Task goal.
Copy the lines below as they are; omit the images they contain.

Information shown.
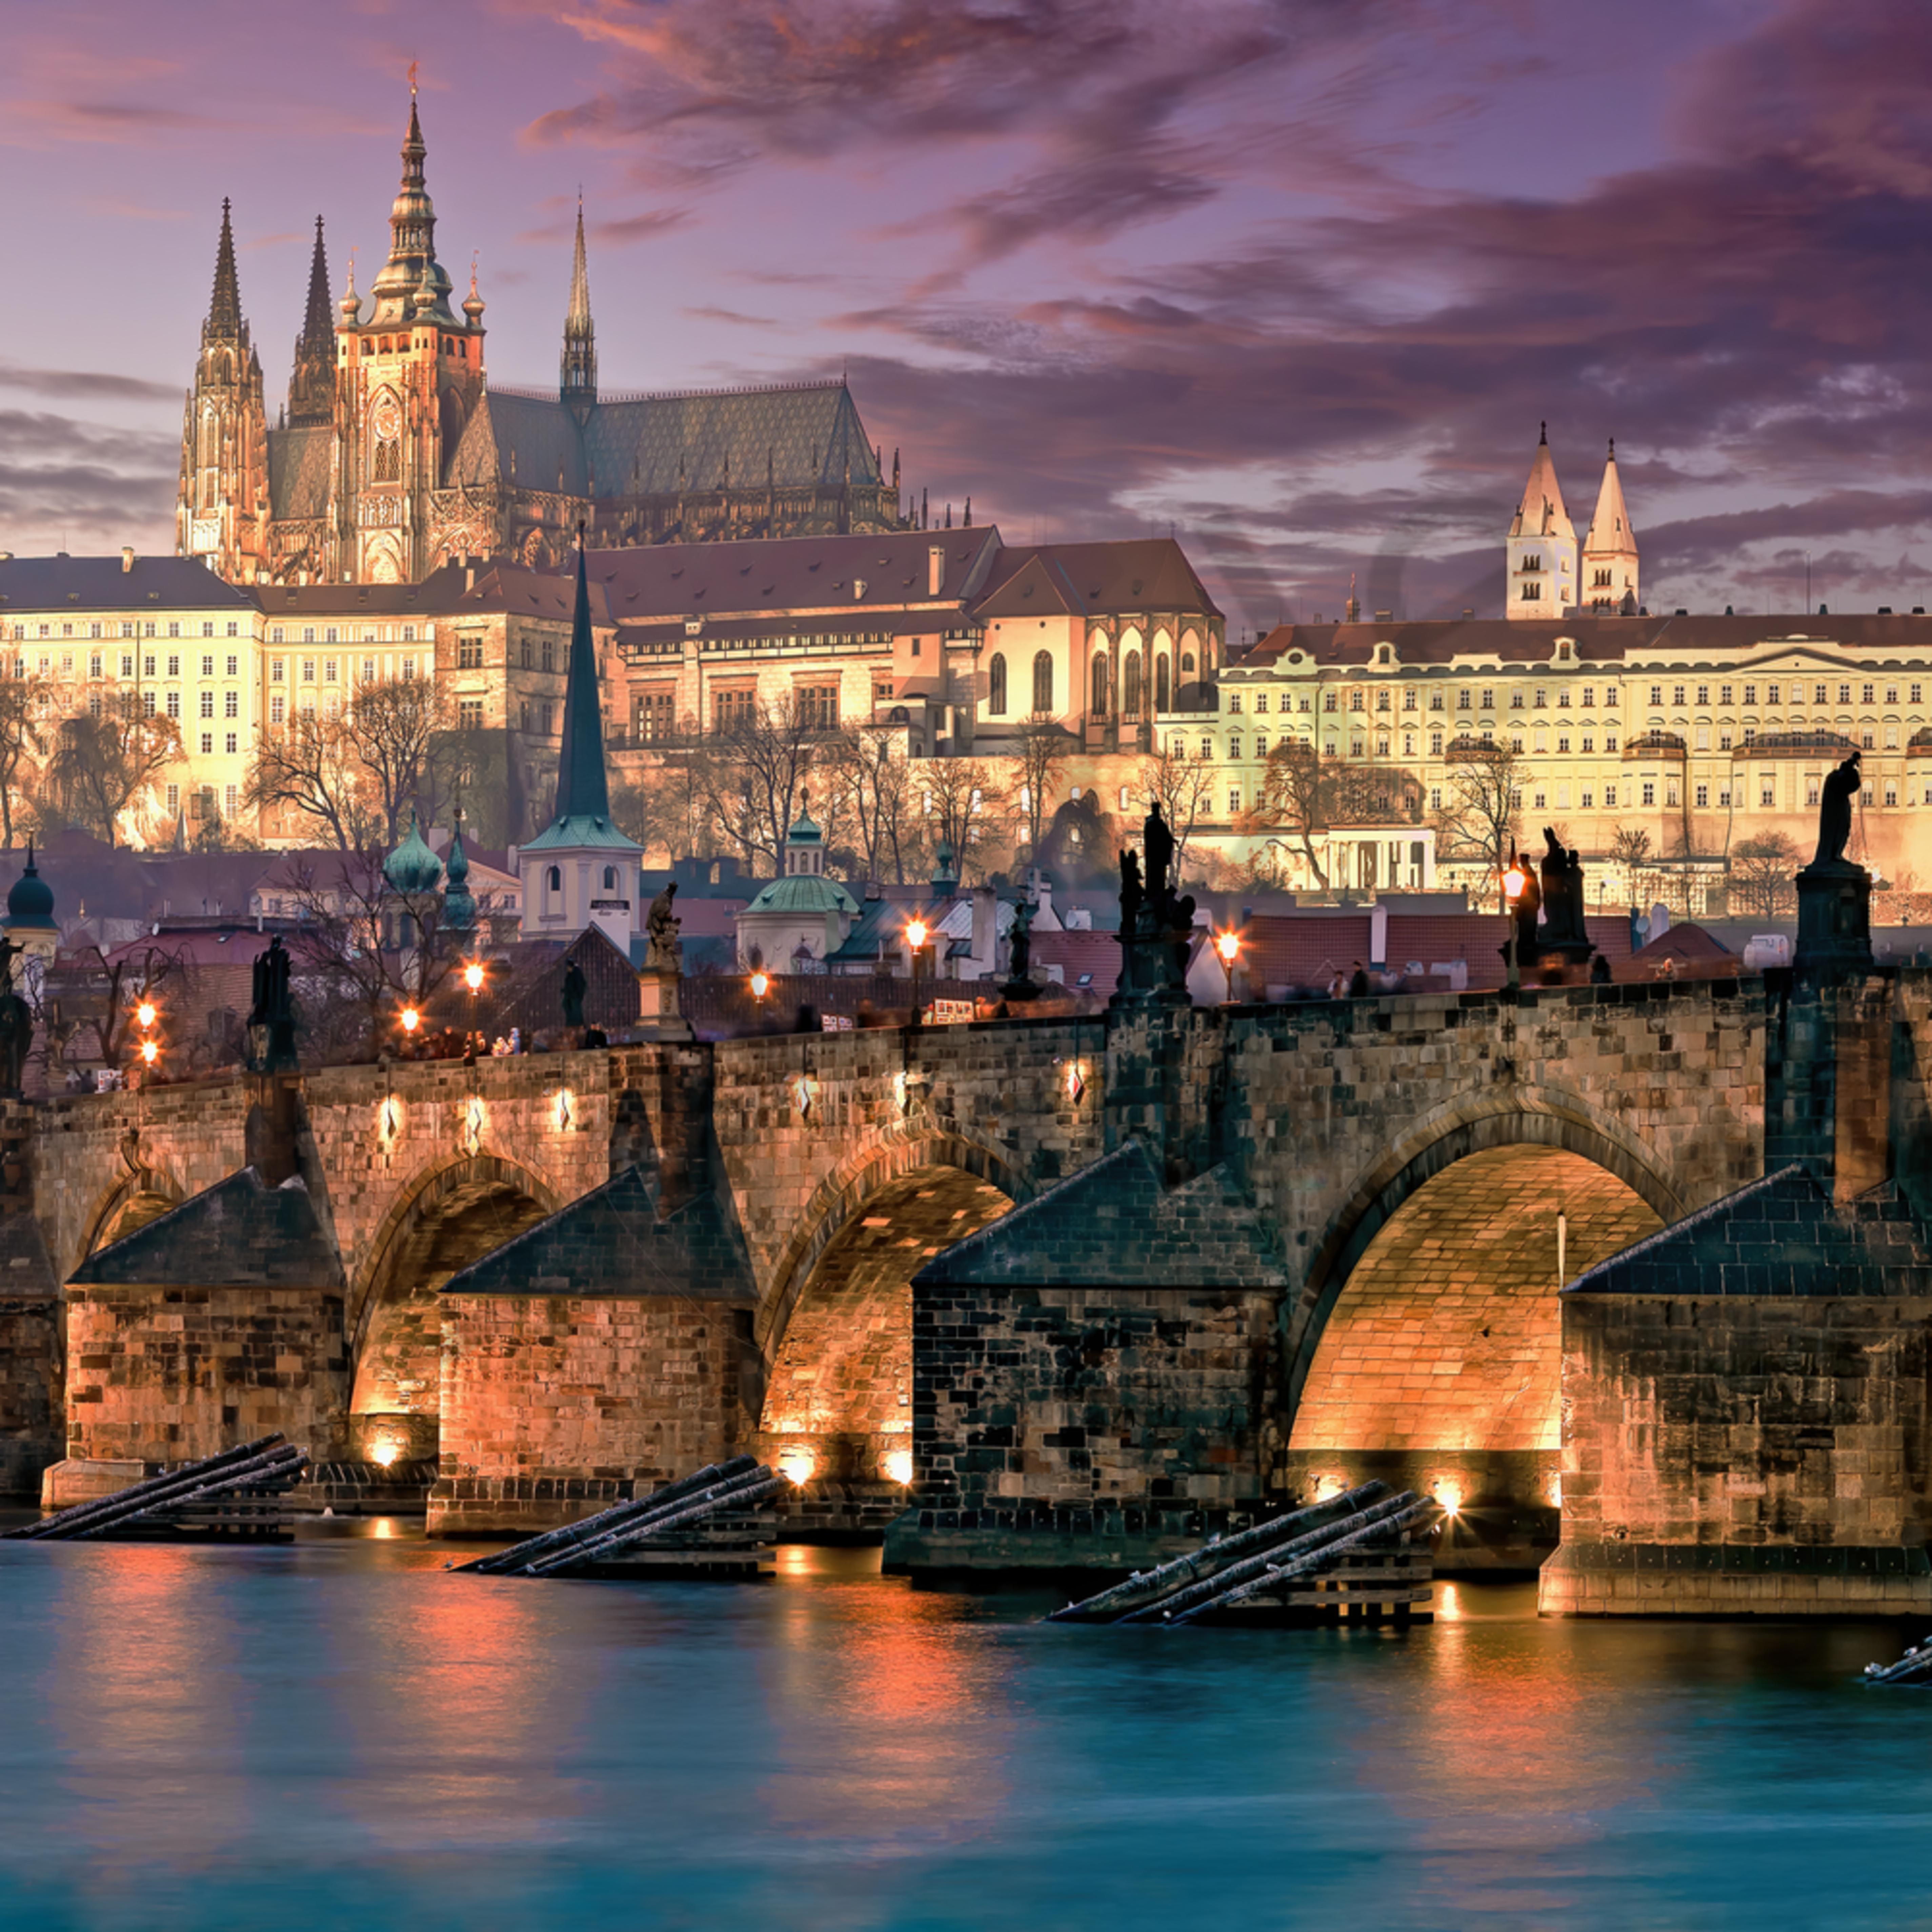 Prague and charles bridge at night xjseoy
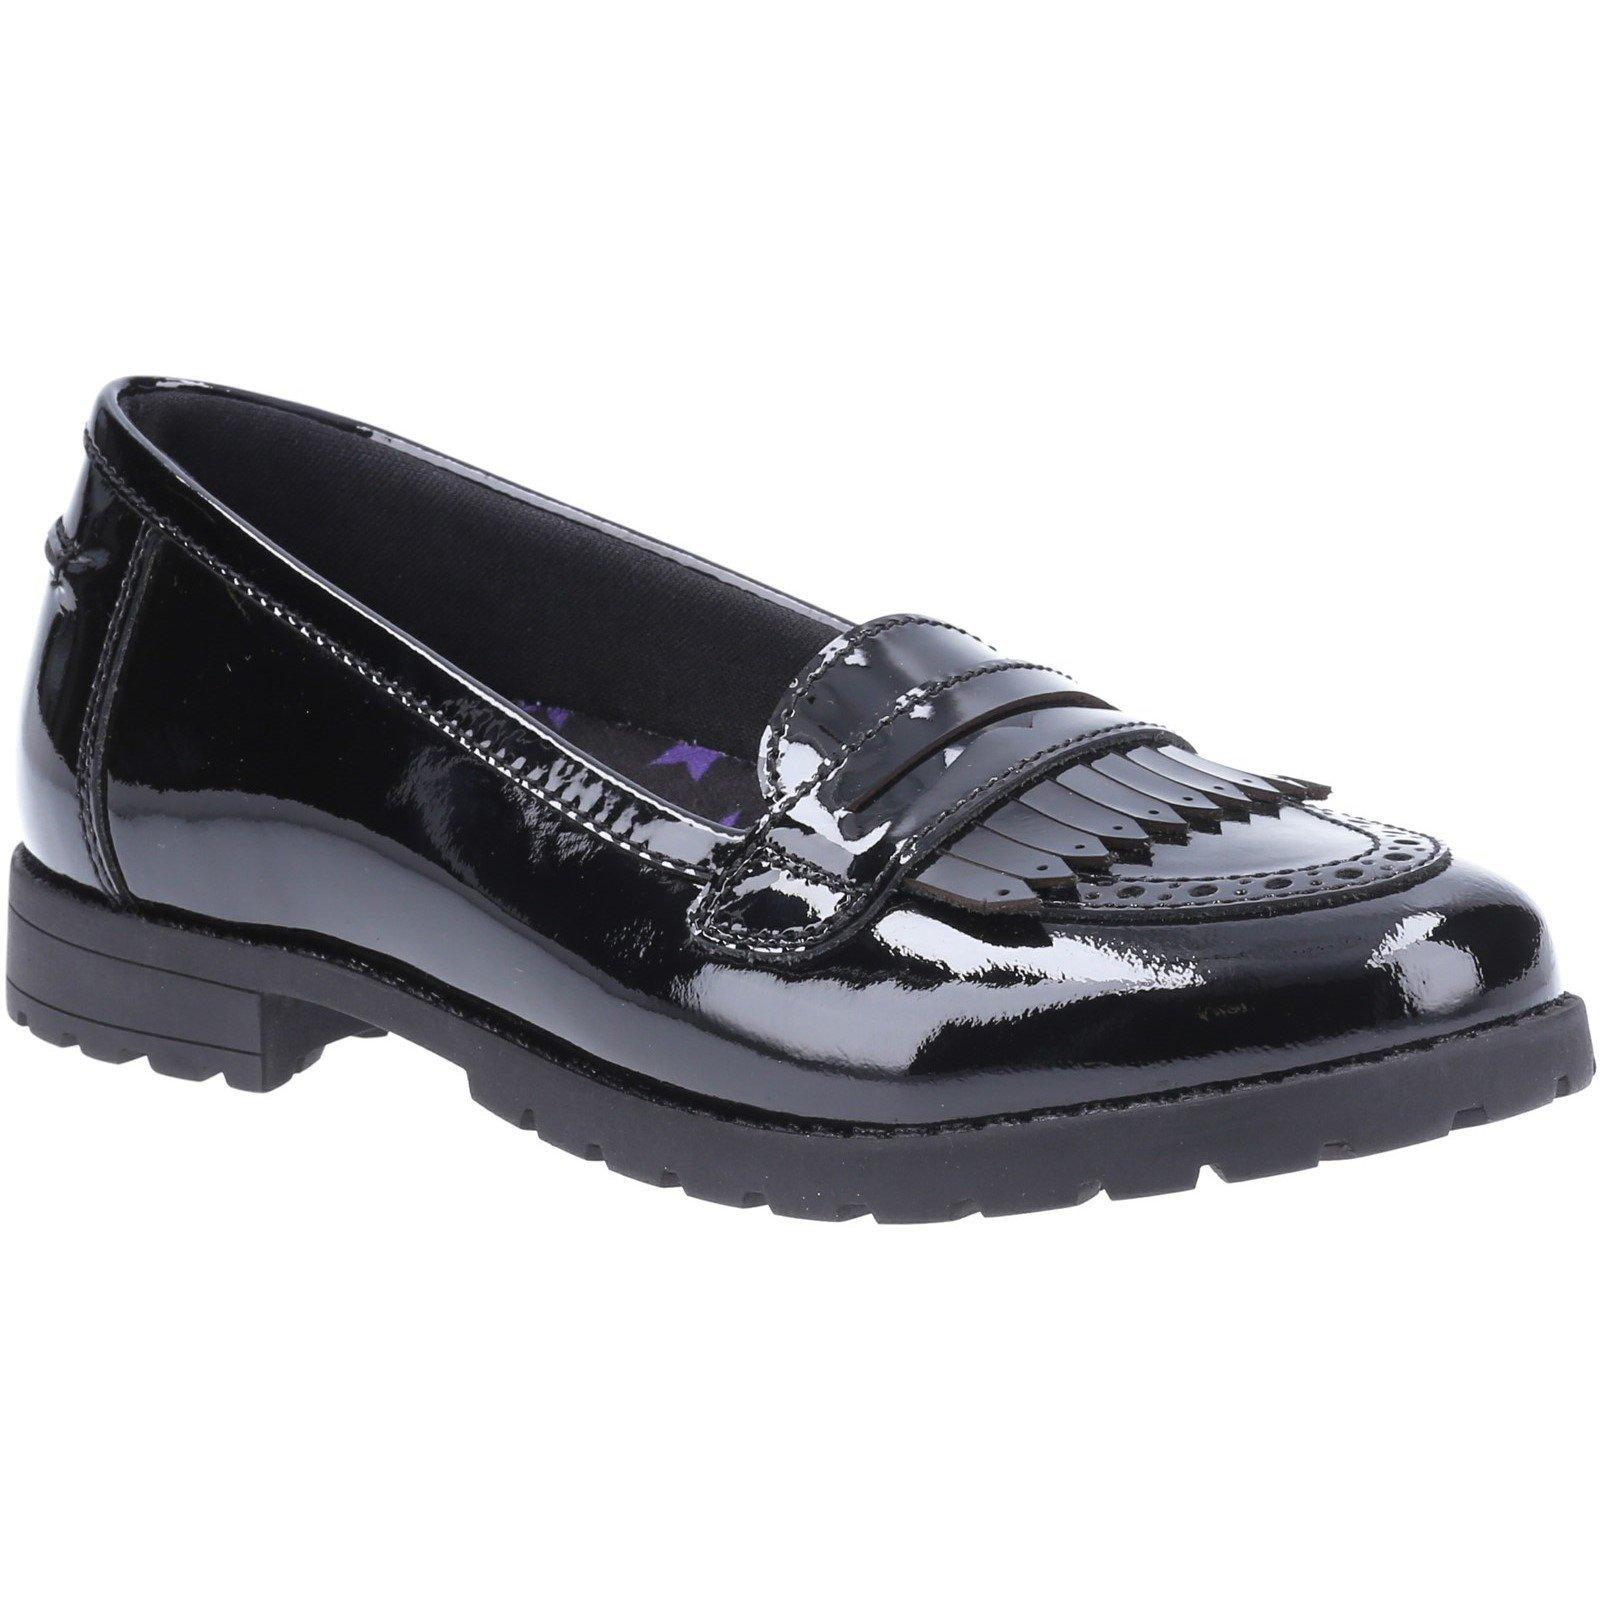 Hush Puppies Kid's Emer Junior School Shoe Patent Black 32595 - Patent Black 11
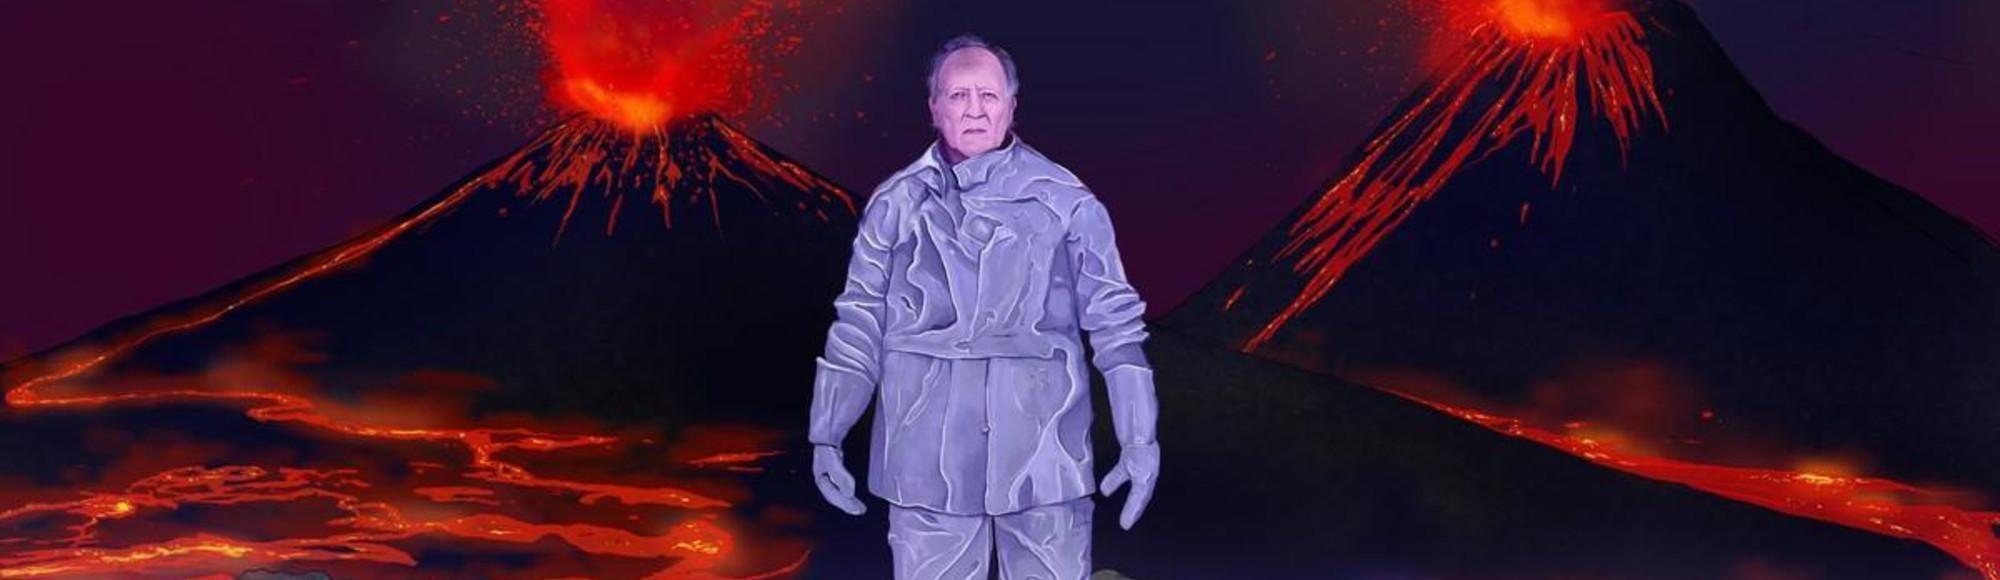 Werner Herzog Really, Really Likes Volcanoes

Exercise answer.
 Prague and charles bridge at night xjseoy
 Hush Puppies Kid's Emer Junior School Shoe Patent Black 32595 - Patent Black 11
 Werner Herzog Really, Really Likes Volcanoes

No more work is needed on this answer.